Yesterday I had the rare pleasure of interviewing a true leader in the field of parenting and education. Ellen Galinsky has dedicated her life to issues around early childhood education, childcare and parenting. Currently President and Co-Founder of Families and Work Institute, she was on the faculty of of Bank Street College of Education in New York for twenty-five years, and has written more than forty books and reports on child development. She has also been a frequent advisor to the White House on these topics.
But it’s her new book, Mind in the Making: The Seven Essential Life Skills Every Child Needs (HarperStudio: April 2010), which breaks new ground, as Galinsky takes the work of over seventy-five researchers into early childhood development and presents their findings in ways that parents can put to use immediately.
I reviewed her book here in April, but was thrilled to have the opportunity to speak to her directly.
What is the most important understanding that you want parents to take from your book?
I would hope that parents can join me and so many others who care about keeping the love of learning alive in their children. So often when I give presentations, I get asked, “How can we get away from the ‘Hold your #2 pencil and keep still’ model of education?” We are turning off that inborn passion to learn that all children have. We need to keep the love of learning alive!

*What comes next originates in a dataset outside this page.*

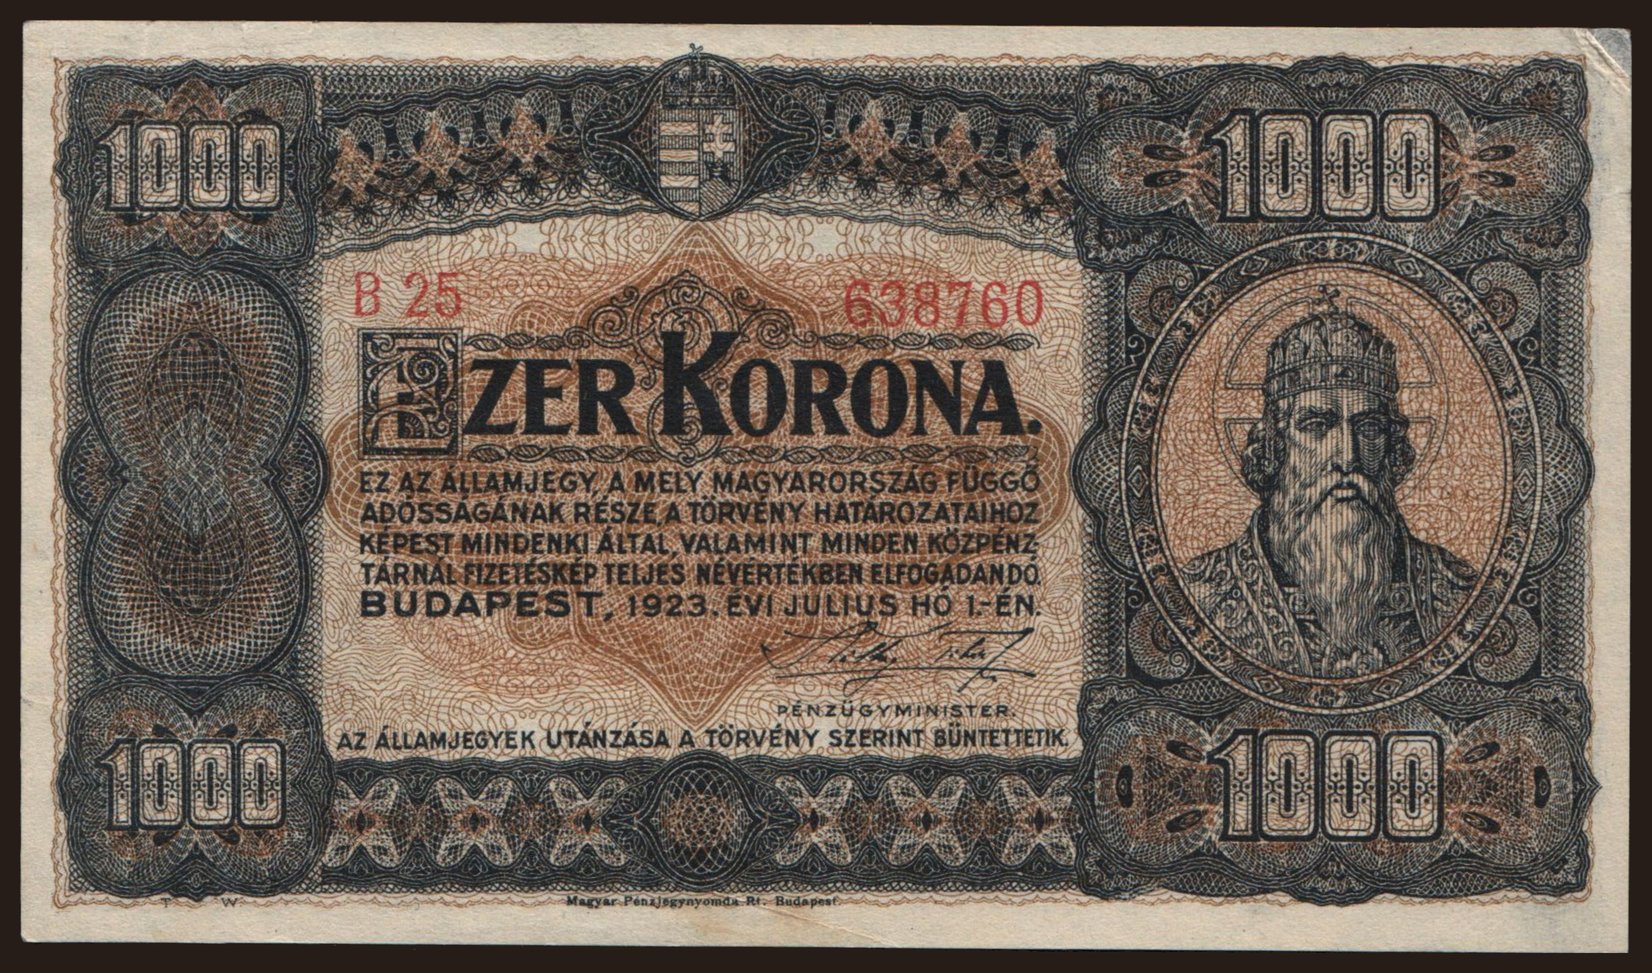 1000 korona, 1923

I also hope that we promote all of these seven skills in our children, for now and for the future. I wanted to make the book as user-friendly as possible; parents can go straight to my practical suggestions and get started right away.
How did you come up with seven essential life skills?
Everything about this book was a huge challenge. I read about a thousand articles and you know, reading research articles is very intense, so that’s a lot of reading! I didn’t start out planning to write a book. At first I thought this was going to be a TV show where I would bring what researchers have learned directly to parents, so that they could use it.
To come up with these life skills, I interviewed three groups of people: first I asked students, “What skills do you think you need to have?” Next I interviewed some of our most successful men and women about the keys to their success. Finally, I spoke to managers at top companies about what they saw as important, and what gaps they were encountering.
It really took eight years of working on this to bring it all together.
I love your structure for each chapter: research, anecdotes, little quizzes, practical suggestions. How did that come about?
The structure evolved as I wrote the book. I start each chapter with something the readers can do, like a question or a quiz, since we all like to focus on ourselves! I also wanted to make the researchers into real people, telling their stories. And those stories are also available on video.
How refreshing to find a parenting book that does not require parents to run out and buy the latest gadget!
Absolutely! No expensive purchase, and no guilt trip. Most parenting books seem to focus on telling parents where they’ve made mistakes, or on making them fret about where they might go wrong. My book helps parents understand children’s development in new ways with hundreds of how-to suggestions, and the ideas are free!
What has surprised you most in writing this book?
I got to look at research across many different disciplines, and the biggest surprise was that there were common themes across all of them. There is so much coming together in the new ideas about learning from many perspectives.
What is the one essential skill that you consider most important?
There isn’t one that more important than the others. We want children to thrive emotionally, cognitively, and socially. These are all pieces of a puzzle that fit together, and all depend on each other; if you don’t make connections, for example, then you can’t communicate. All seven essential life skills are equally important.